Friday, August 20, 2010

Columbia University's 1897 Low Library

In the spring of 1895, Columbia University’s new Morningside campus was an accumulation of small brick-and-stone buildings and houses. University President Seth Low envisioned a grand focal point for the campus in the form of a library.

The alumni were less than enthusiastic for the costly project so Low defiantly undertook it himself. On May 7 of that year The New York Times reported that “President Seth Low made a formal offer to assume personally the cost of erecting the new library at One Hundred and Sixteenth Street, on Morningside Heights, the site of the new Columbia College building. The building is to cost $1,000,000 and is to be a memorial to President Low’s father; the late Abiel Abbot Low, ‘a merchant who taught his sons to value the things for which Columbia stands.’”

According to The Times, the gift “produced a profound impression” on the Trustees who immediately accepted.

photo NYPL Collection

As Low had visualized, the library was to be built “in the centre of a terrace occupying the highest point of land of the new site for the college buildings.” He commissioned Charles McKim of the architectural firm McKim, Mead and White to design the structure. The Times hinted of what was to be expected. “The Library Building itself will be in the classic style, designed in the form of a Greek cross, and surmounted by a dome.”

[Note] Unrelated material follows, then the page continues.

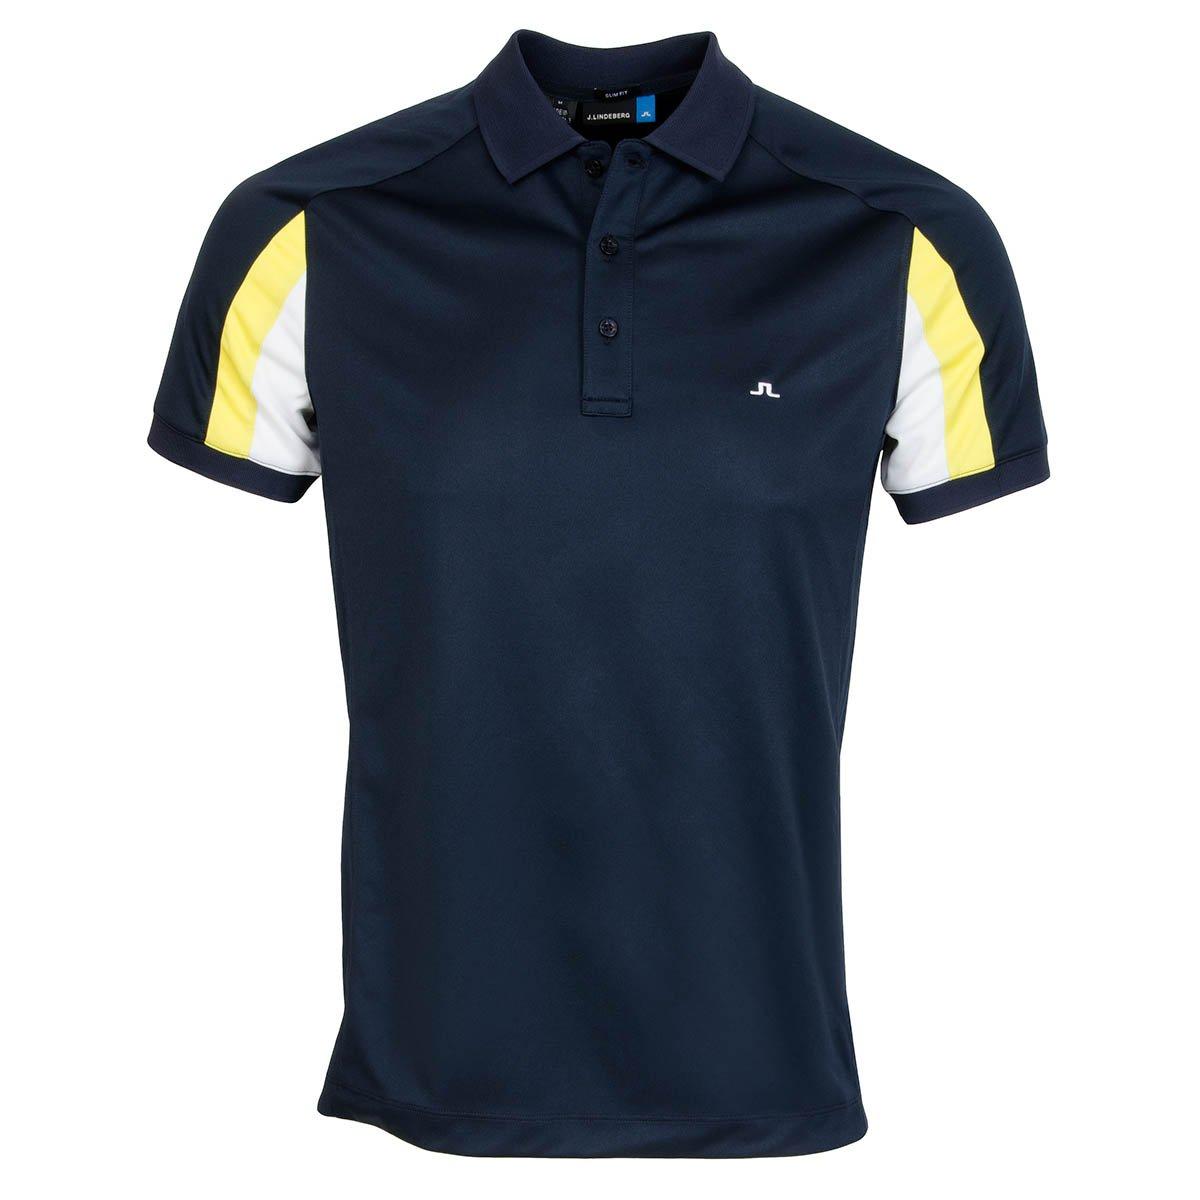 ジェイリンドバーグ ジョエル スリム フィールドセンサー 2.0 半袖ポロシャツ Large ネイビー B06XCYS8CL

Two years later, when the building was finished, a monumental Neo-Classical temple sat majestically above a grand cascade of wide stone stairs and terraces. McKim had drawn his inspiration for the main structure from the Pantheon and from the Baths of Diocletian for the immense arched windows. Ten granite ionic columns rose 35 feet forming the entrance portico. Above the central structure the largest freestanding granite dome in the country crowned it all.

photo NYPL Collection

Great bronze doors opened from the portico into a “lofty marble portal to the main vestibule, paved with marble slabs” and ornamented with marble pilasters. Here busts of Zeus, Appolo and Pallas Athena were displayed. Ahead of the vestibule was the rotunda – the main reading room. Illuminated by the huge windows, with the 70-foot diameter dome above, the rotunda was encircled by a 29-foot high colonnade of rich green Connemara marble from Ireland. The columns sat on black Belgian marble bases with cast-bronze capitals.

The rotunda rose to a height of 106 feet and from an upper gallery Roman and Greek philosophers or statesmen – Demosthenes, Sophocles, Augustus Caesar and Euripides – stared down upon the students reading below.

By 1934 the library had outgrown its home and the new Butler Library was constructed. Seth Low’s grand gift became the administrative center of the campus, housing the offices of the President and Provost among other administrative offices. The imposing rotunda became the site of exhibitions and ceremonial events.

photo NYPL Collection
McKim’s masterful design was designated a New York City Landmark in 1967. A year later The Low drew national attention when it was occupied by students protesting, among other things, the Vietnam War. The protestors barricaded themselves within the office of the president, rifling through files searching for incriminating documents. The university was forced to close for days and national news coverage followed “The Columbia Protests” until the police finally routed the students with tear gas several days later

On December 23, 1987 the Low was included on the National Register of Historic Places, the designation noting that “…this building is one of the most important Neo-Classical structures in America and is one of architect Charles Folen McKim's masterpieces…This campus design is today recognized as a classic of Beaux Arts planning principles.”